Unit 6 :plant nutrition + Unit 8: transport in plants Flashcards
(28 cards)
What is photosynthesis + equation?
The process by which green plants make carbohydrates from raw materials (carbon dioxide and water) using energy from light. A reaction that takes in energy.
Word equation: carbon dioxide + water -> (light) glucose + oxygen
Balanced chemical equation: 6CO2 + 6H2O -> C6H12O6 +6O2
What is chlorophyll?
A green pigment found in the chloroplast of plant cells. It absorbs light energy (which is converted into the chemical energy of glucose molecules)
In what form is glucose (produced during photosynthesis) stored or transported?
Sucrose (carbohydrate molecule that is used by plants as a store of chemical energy) because glucose molecules are very reactive (so this prevents unwanted reactions). It is then transported like this via the phloem to different parts of the plant. It is used for growth of shoots, young leaves, roots and fruits.
It is also converted into starch and stored in the chloroplast & cytoplasm (energy store).
3 uses of carbohydrates in plants
- Energy source - some of the glucose produced during photosynthesis is broken down during respiration to release energy
- Structural support - some glucose is converted into cellulose, an important component of plant cell walls.

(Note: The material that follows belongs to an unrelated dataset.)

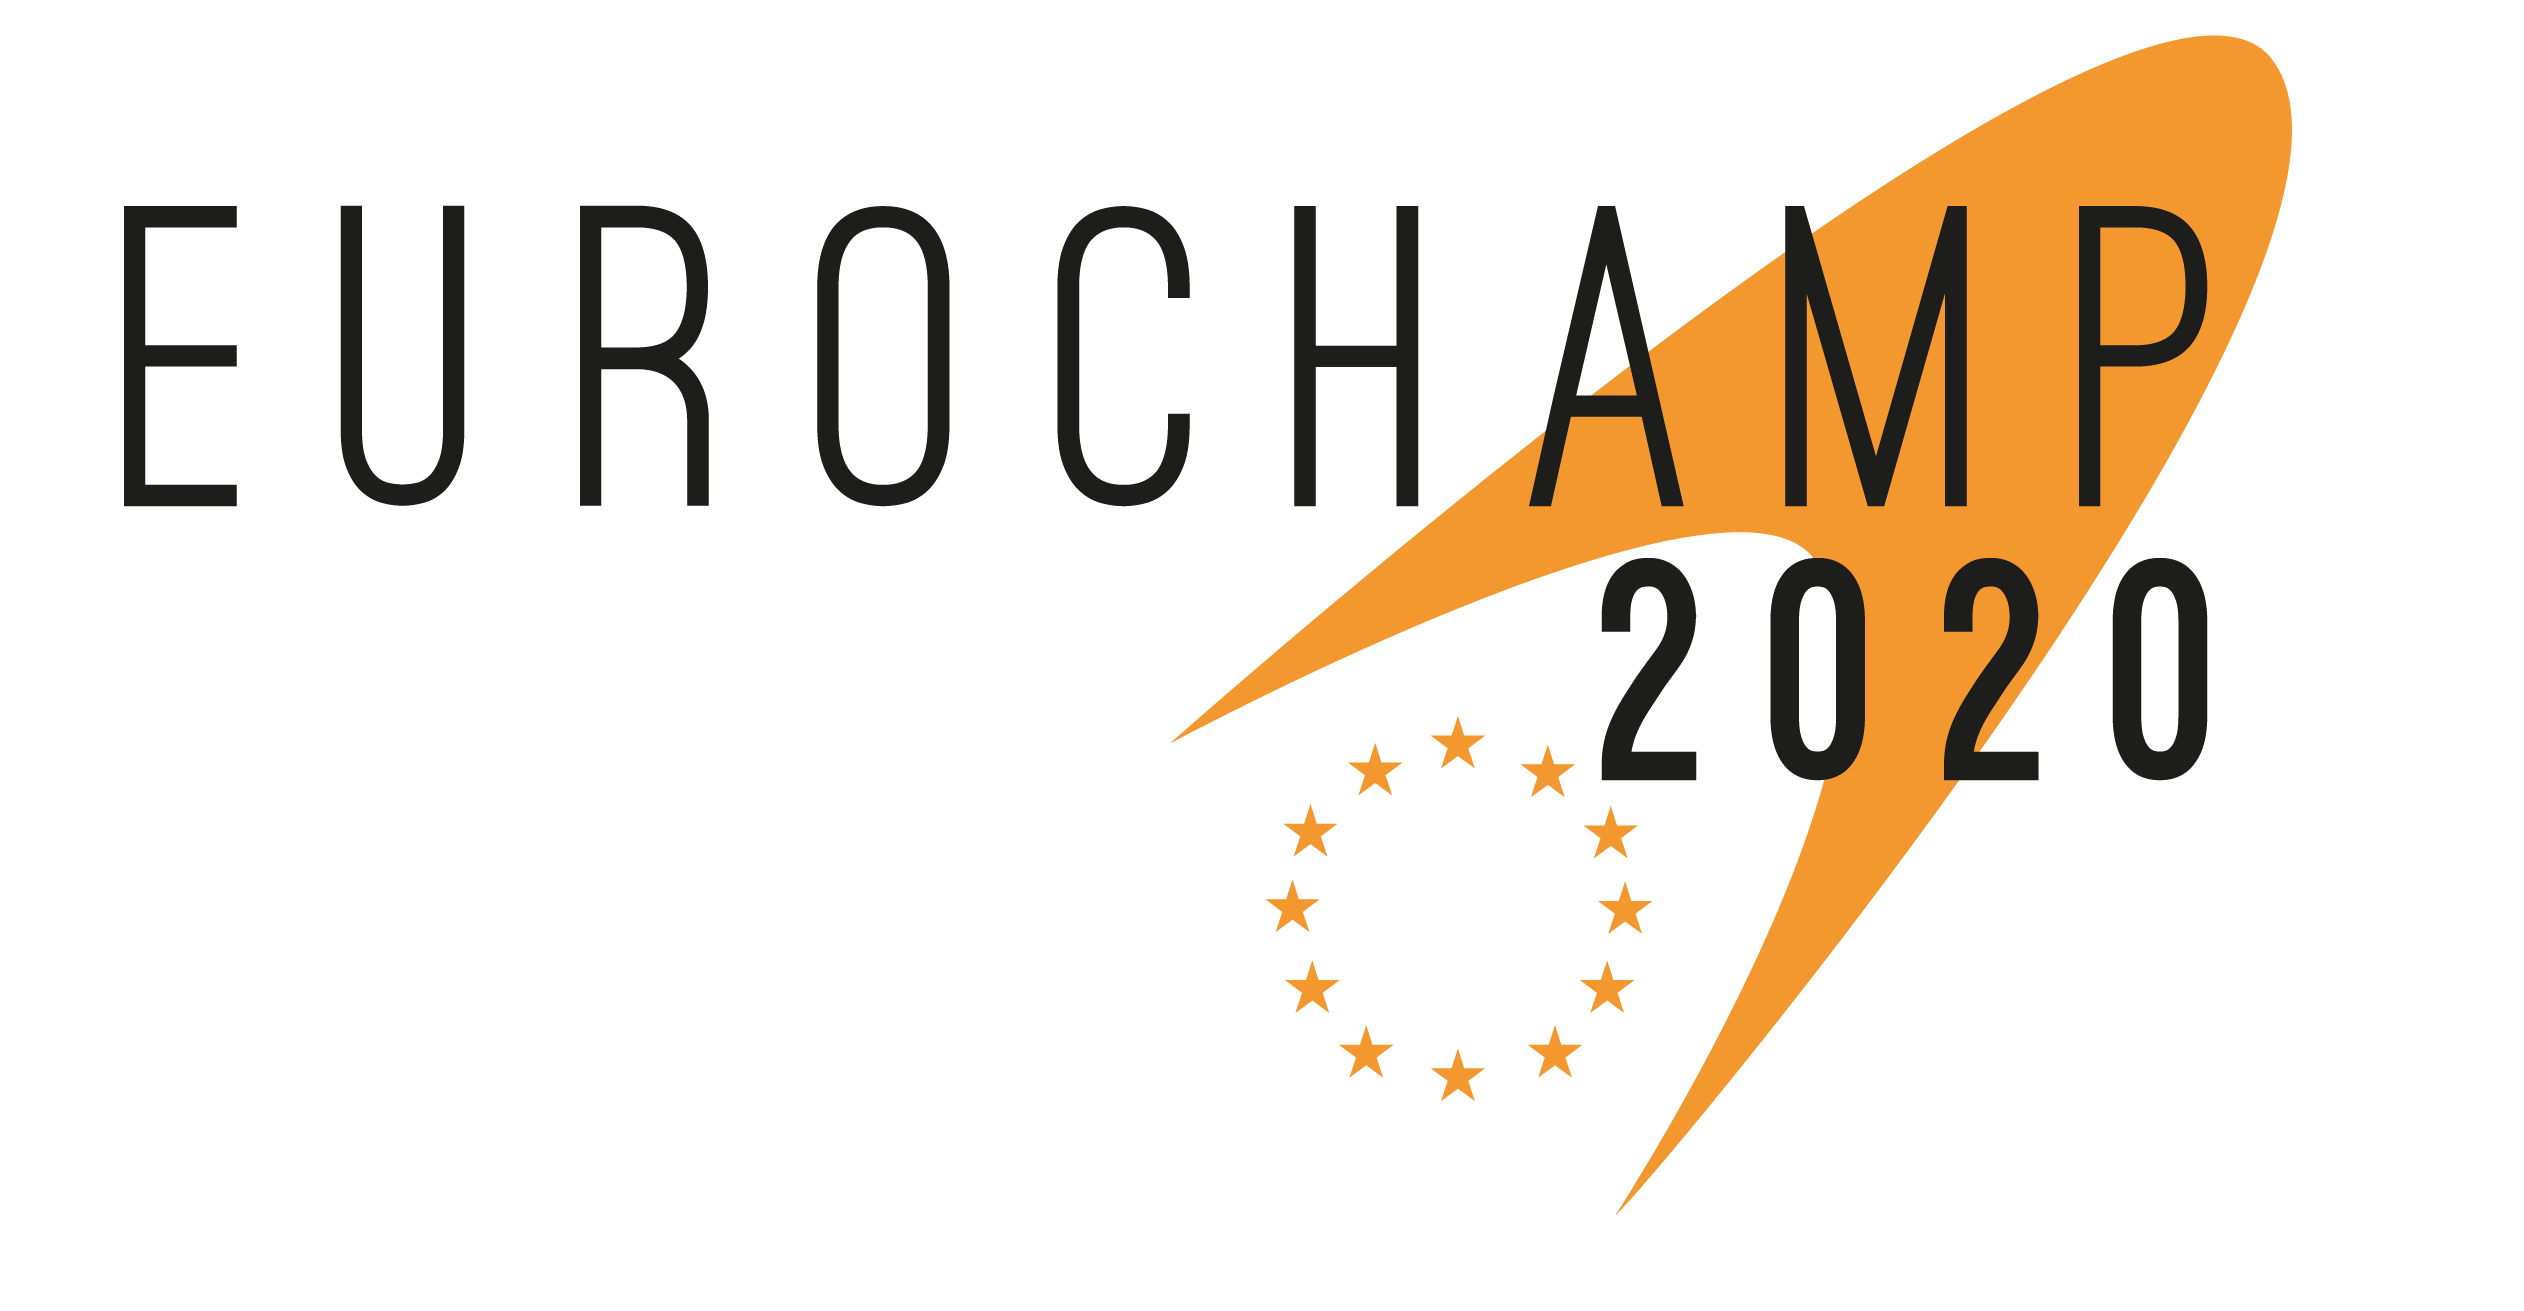 EUROCHAMP 2020

- Assist pollination - nectar, a sweet sugary liquid, is made from glucose which attracts pollinators (insects, birds, etc)
What are minerals?
Inorganic substances that are essential to organisms to allow them to carry out various functions. E.g. magnesium nitrate. They are formed in soil by the natural breakdown of rocks. Though many are insoluble, soluble minerals may be used by plants because they break down to form charged particles called mineral ions which can then be absorbed by the root hair cells in plant roots.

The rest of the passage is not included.